Why do we give out candy on Halloween?

Fall festivities aren’t just an excuse to eat candy. This time of year is originally dedicated to the celebration of ancestral beliefs.

At the origin of Halloween: an ancestral belief

Putting treats in the spotlight is not new. 3000 years ago, every year, at the dawn of autumn, the Celts celebrated Samhain, one of the four major dates of the Celtic calendar, which would later give birth to Halloween. What was happening during this celebration? The world of the dead visited that of the living.

Why do we give candy on Halloween?

The belief that the dead could invite themselves into the streets and into homes was not without fear among the Celts. Frightened by the idea that malicious ghosts might visit them, offerings of cakes and apples were left at the entrance to their villages. A custom which aimed to calm the deceased and ensure that no reprisals would be inflicted on them.

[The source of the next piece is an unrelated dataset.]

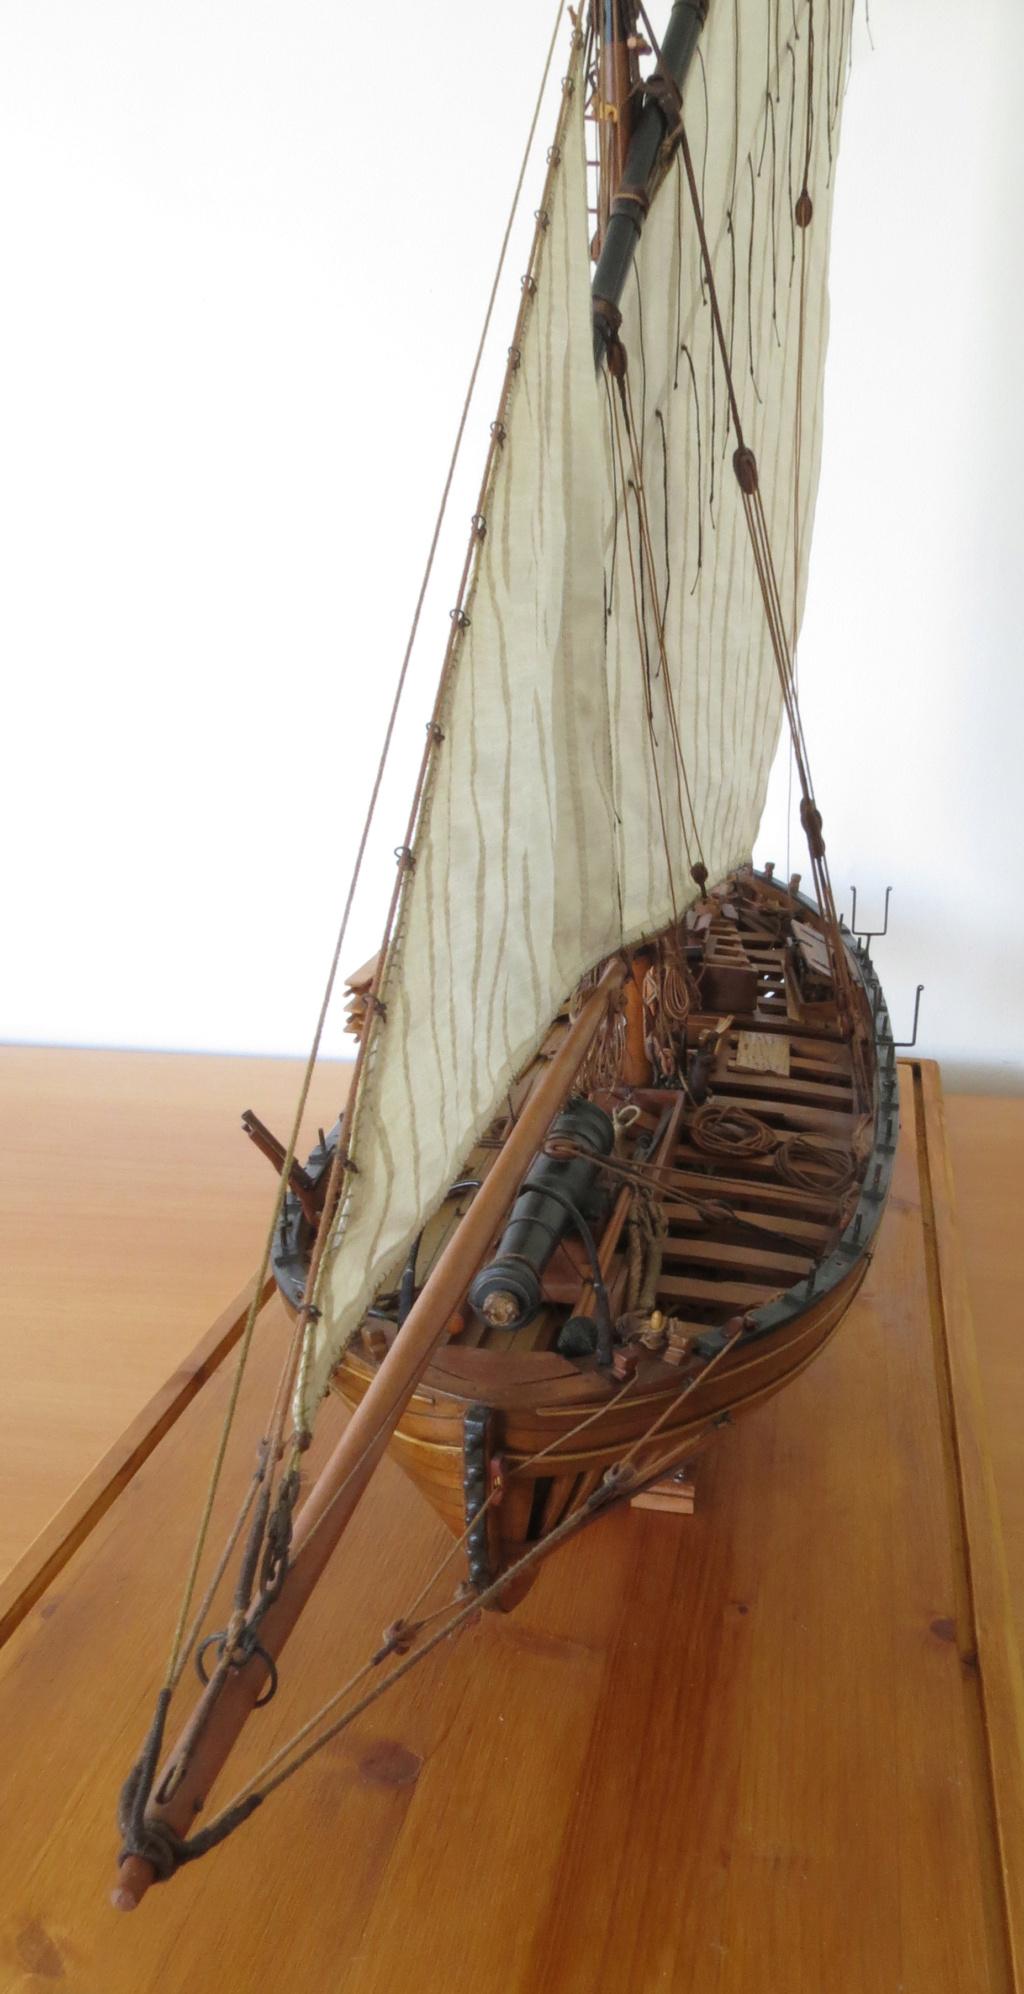 Corallina (paranzella) armata in guerra (pezzo in ferro da 18 libbre) - Marina Napoletana (flottiglia) 1811 - scala 1:24 - di Riccardo Mattera - Pagina 10 Img_4414
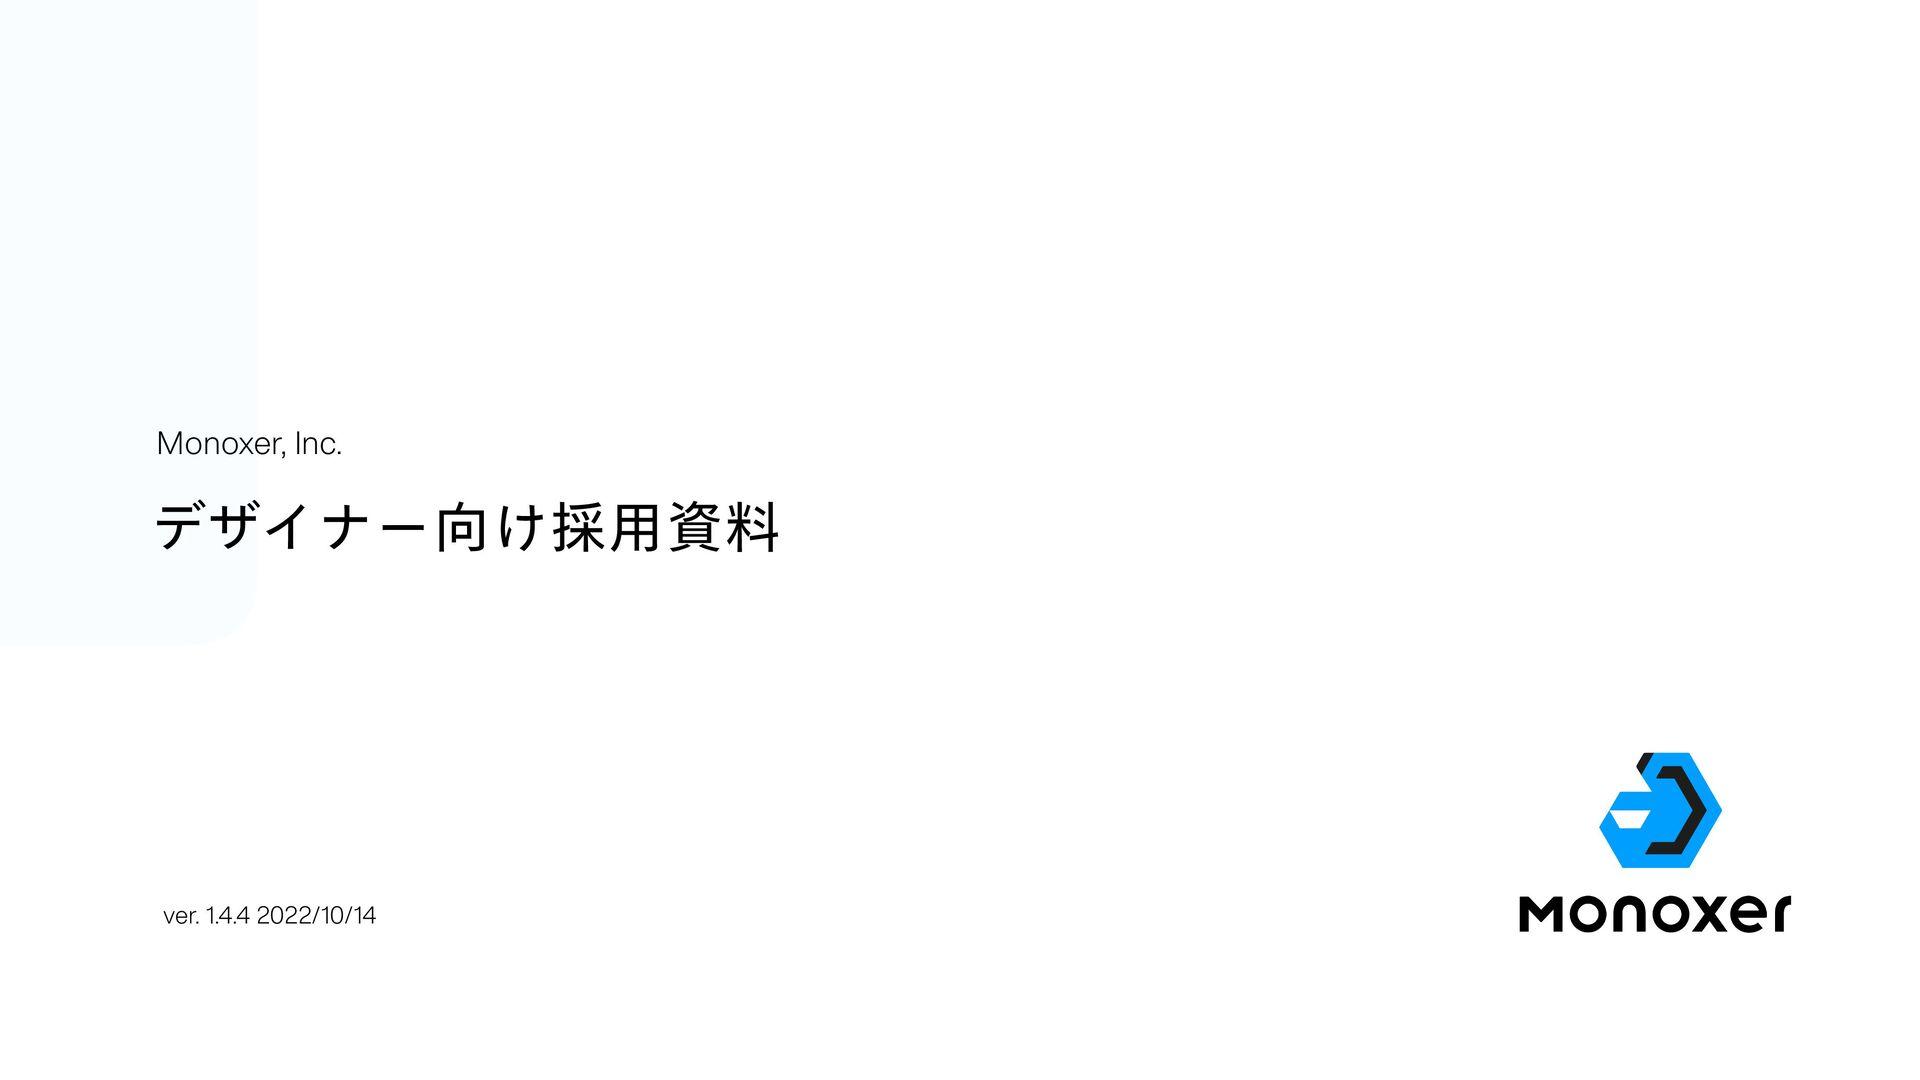 σβΠφʔ͚࠾༻ྉ Monoxer, Inc. ver. 1.3.1

These offerings have today transformed into a distribution of candy to children, making a terrifying ancestral celebration a festive celebration for the whole family: Halloween.

Halloween in France

If it was the Irish who brought the tradition of Halloween with them to the United States during the great migration movements of the 19th century, it was France Telecom who brought it to France. Indeed, in 1997, France Telecom launched its new mobile phone “Olaween”. The device being orange, 8,000 pumpkins were distributed at Place du Trocadéro in Paris. A marketing event which, in one day, internationalized Halloween as far as France.

Having become a popular holiday, “Halloween” (“All Hallows Even” which means “eve of All Saints’ Day”) no longer really celebrates the dead. Although it takes place the day before November 1, a day dedicated to the memory of the deceased in several European countries including France, it has no link with All Saints’ Day. A day during which it is customary to gather in cemeteries and place a few chrysanthemums, flowers of November 1st.

If there is one country where celebrating the dead is not done halfway, it is in Mexico. There, “El Dia de los Muertos” (“Day of the Dead”) is celebrated on November 1st and 2nd. A religious festival which honors the deceased with songs, face painting, dances and decorations of graves in cemeteries.